> **Data below**:
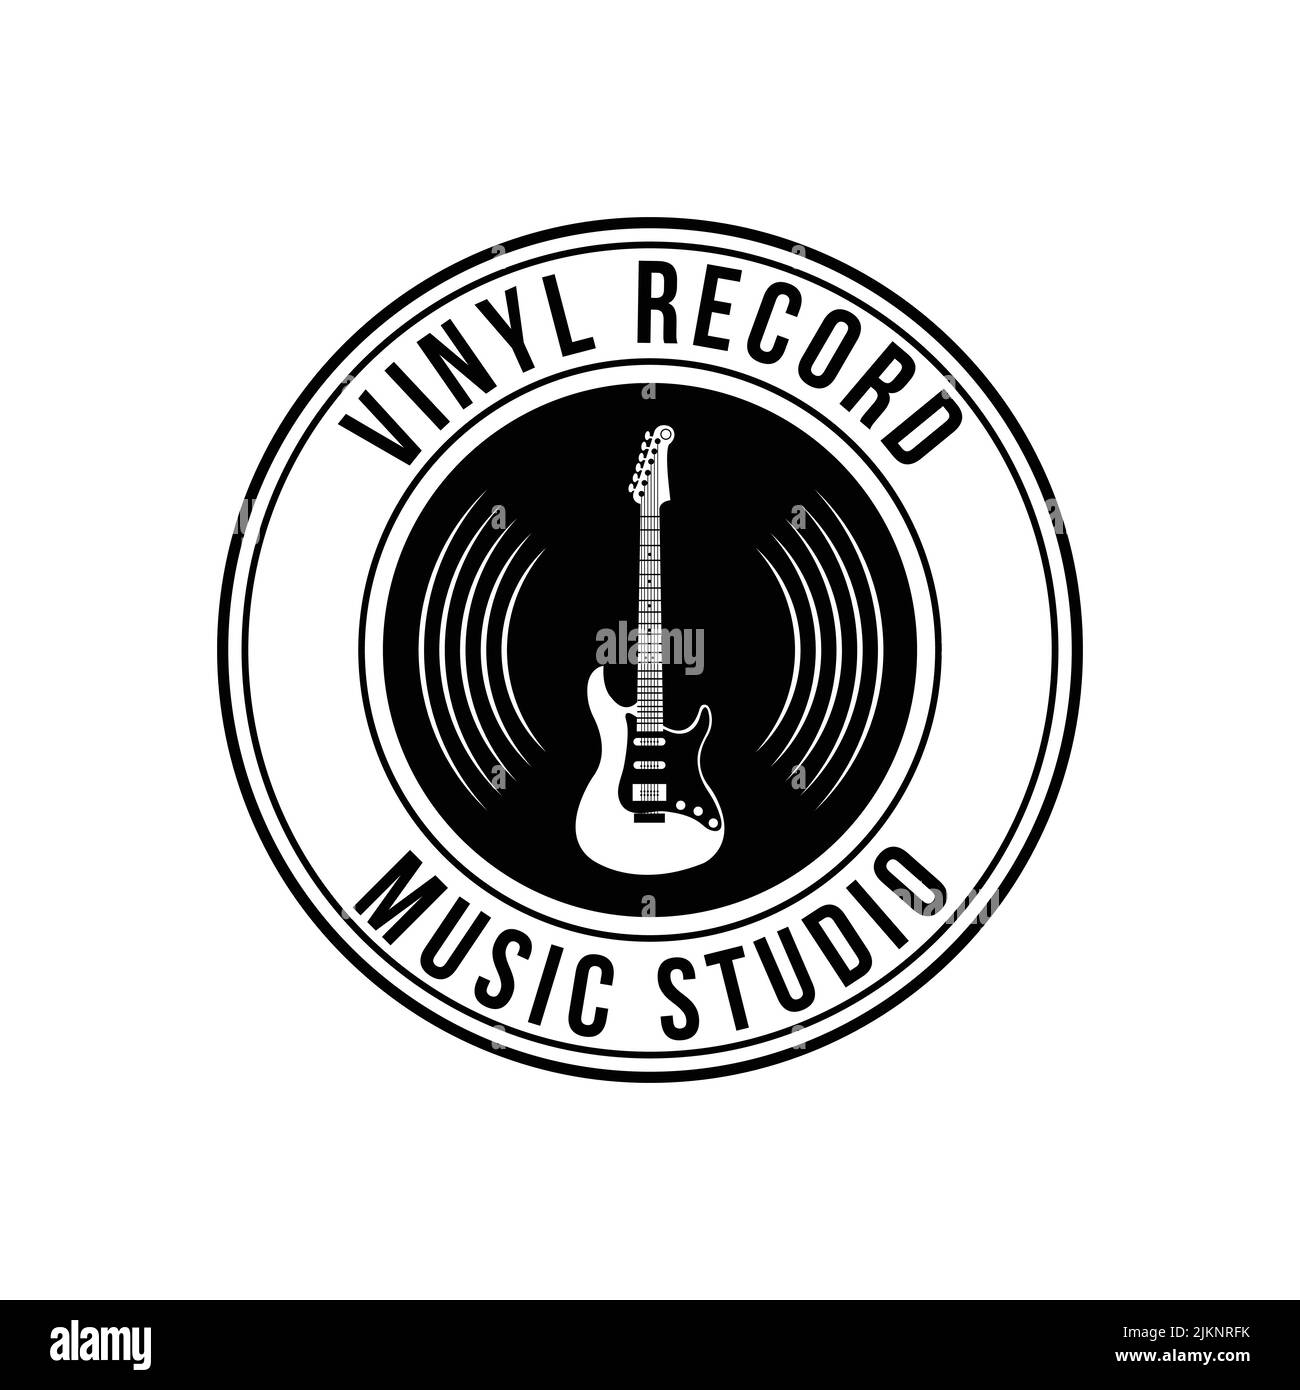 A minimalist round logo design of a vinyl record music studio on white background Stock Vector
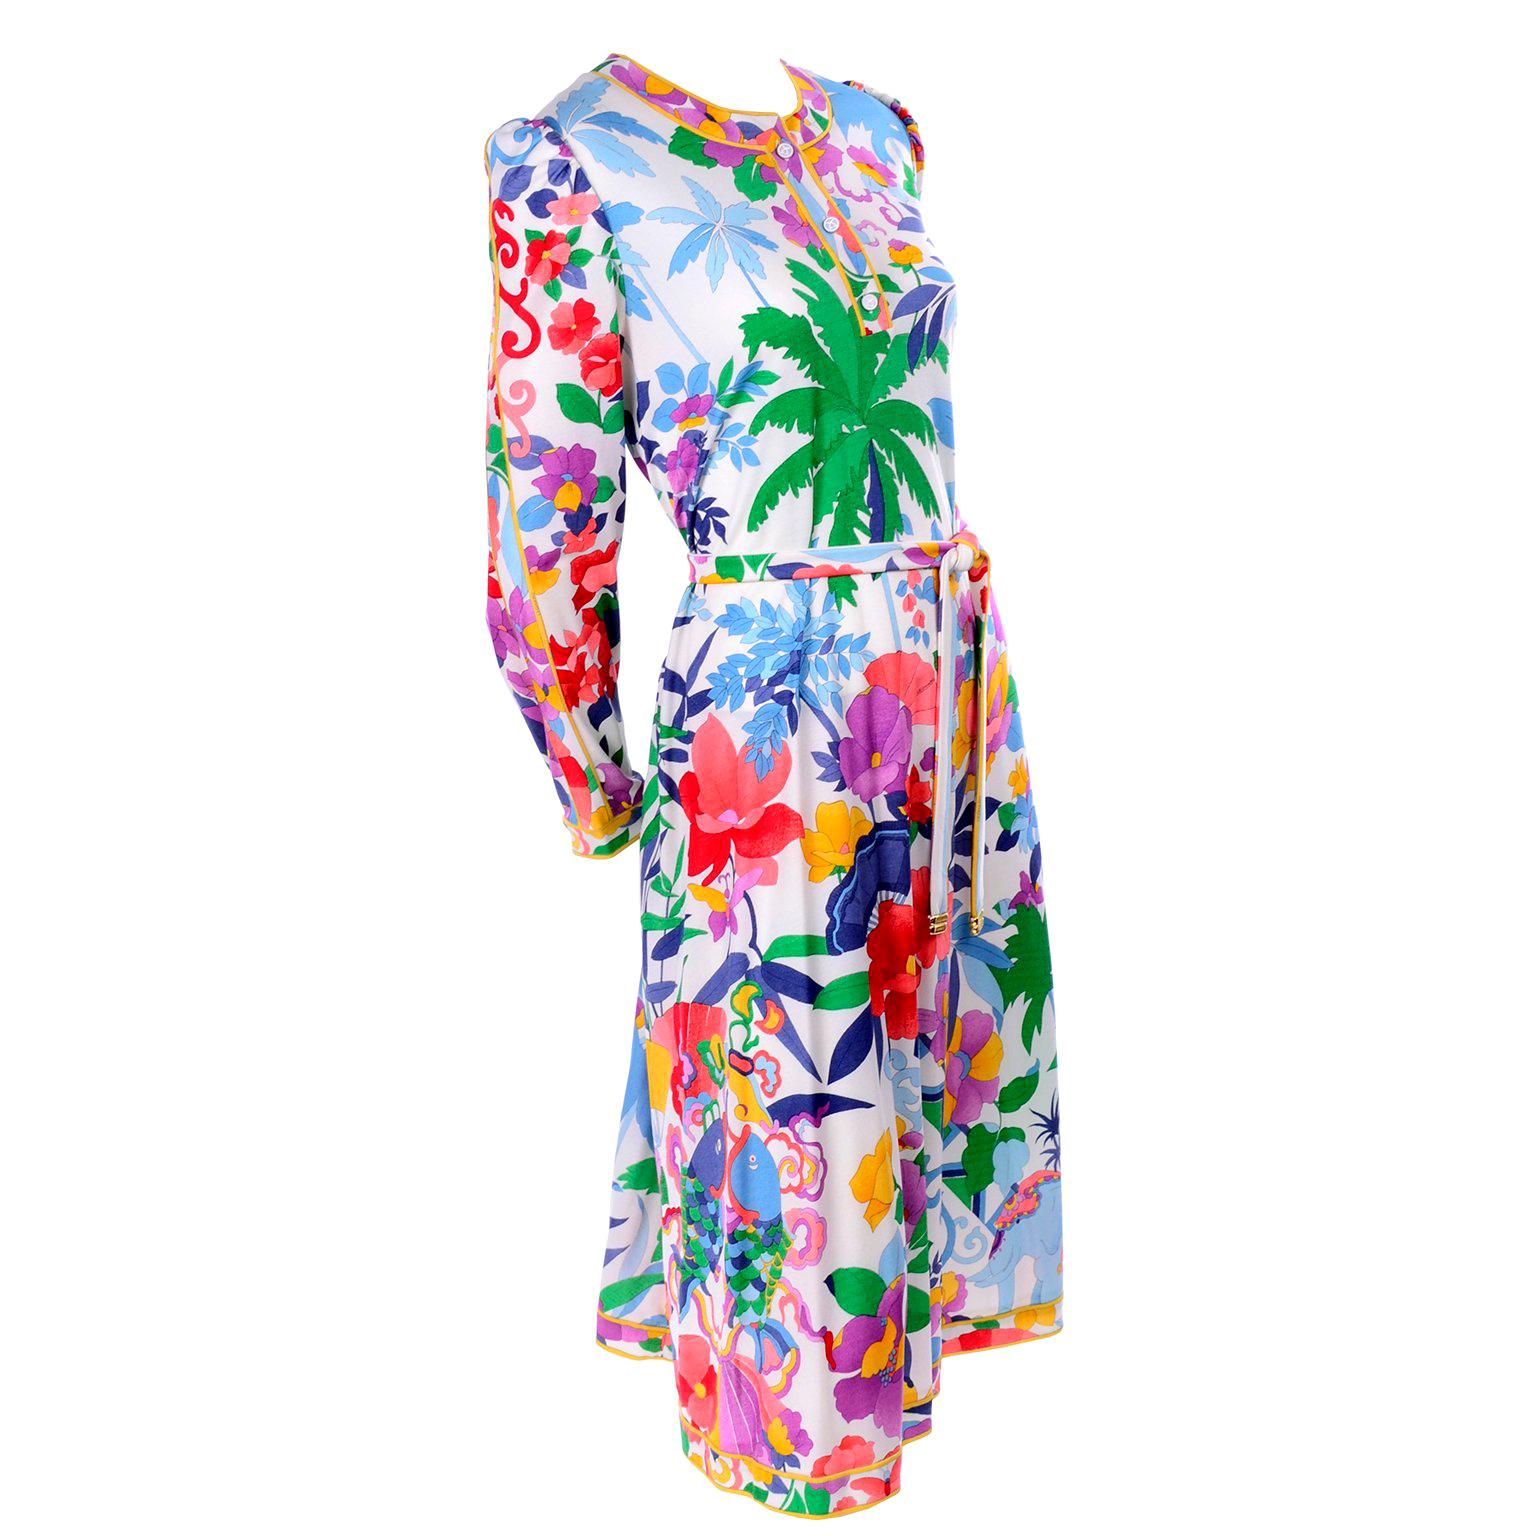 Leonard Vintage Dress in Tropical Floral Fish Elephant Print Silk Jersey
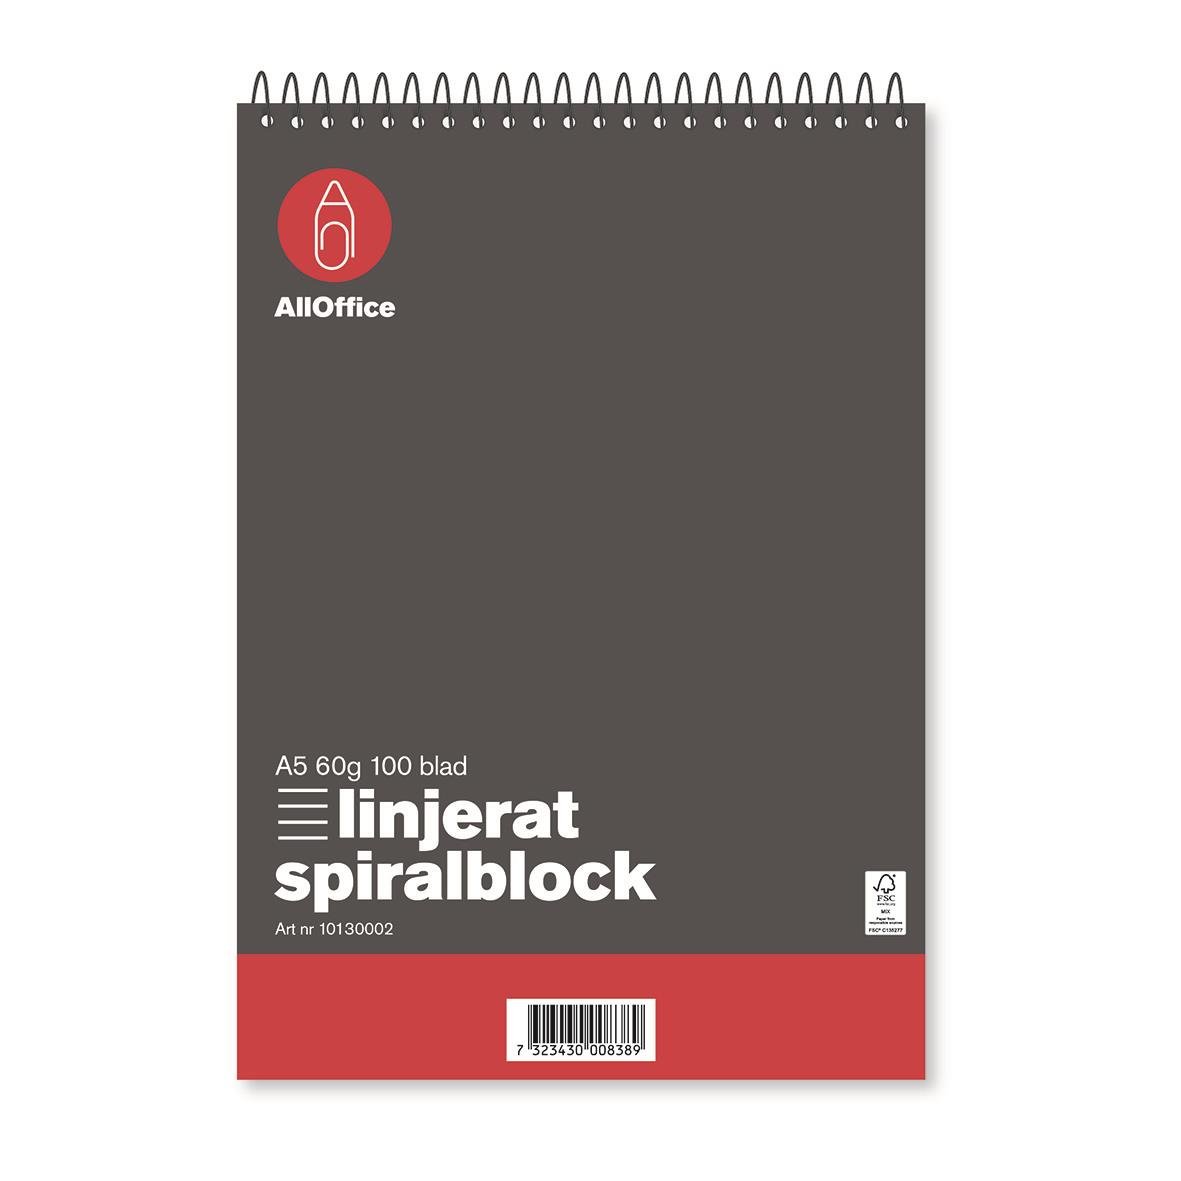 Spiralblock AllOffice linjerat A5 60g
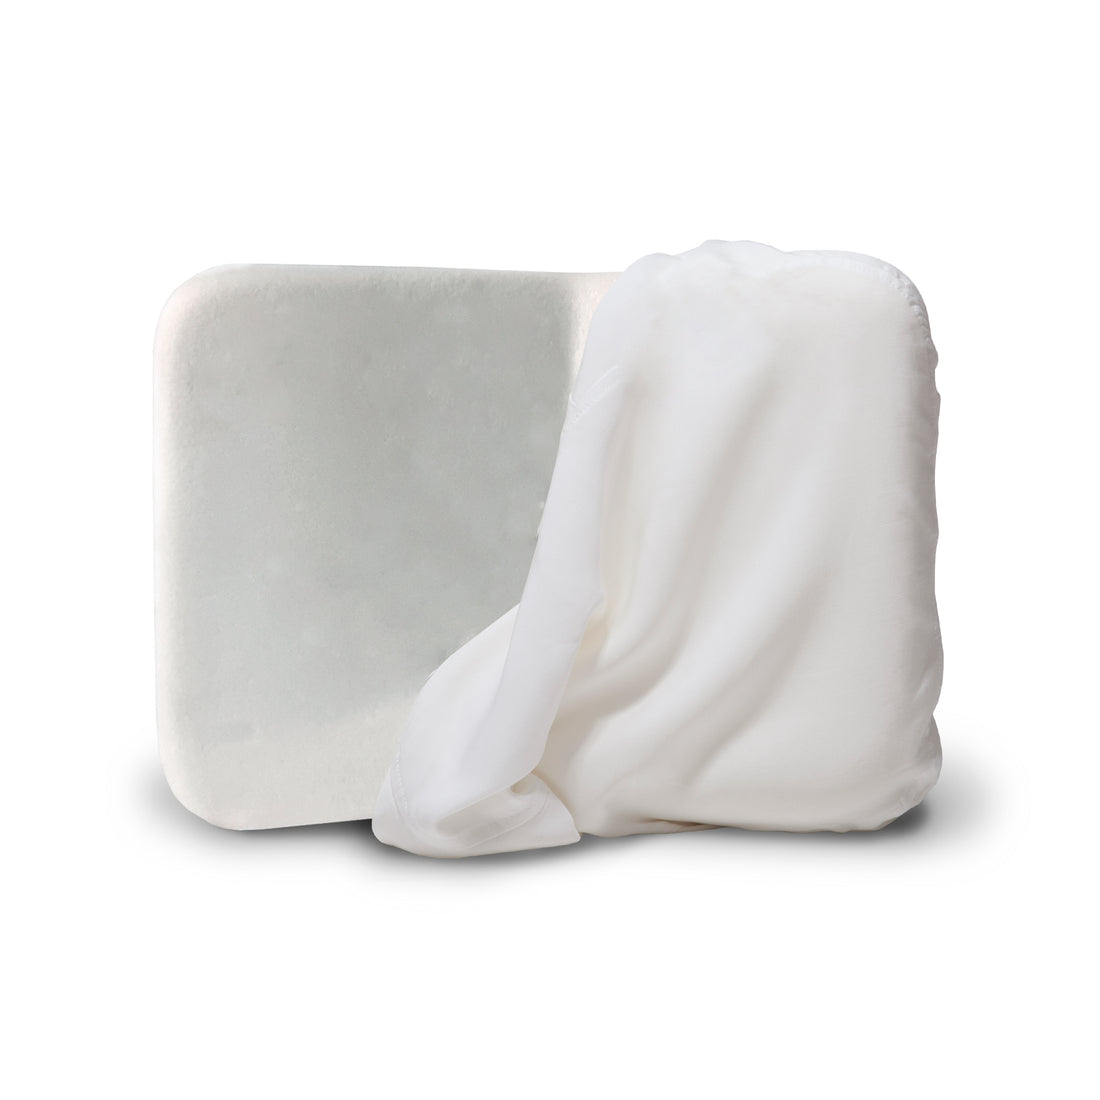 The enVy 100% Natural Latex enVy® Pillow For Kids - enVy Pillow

> **Brief**:
Emit an exact copy of the lines from the line bearing "Leonard Vintage Dress" through the last line above, inclusive, and leave the images out.

> **Response area**:
 Leonard Vintage Dress in Tropical Floral Fish Elephant Print Silk Jersey
 Spiralblock AllOffice linjerat A5 60g
 The enVy 100% Natural Latex enVy® Pillow For Kids - enVy Pillow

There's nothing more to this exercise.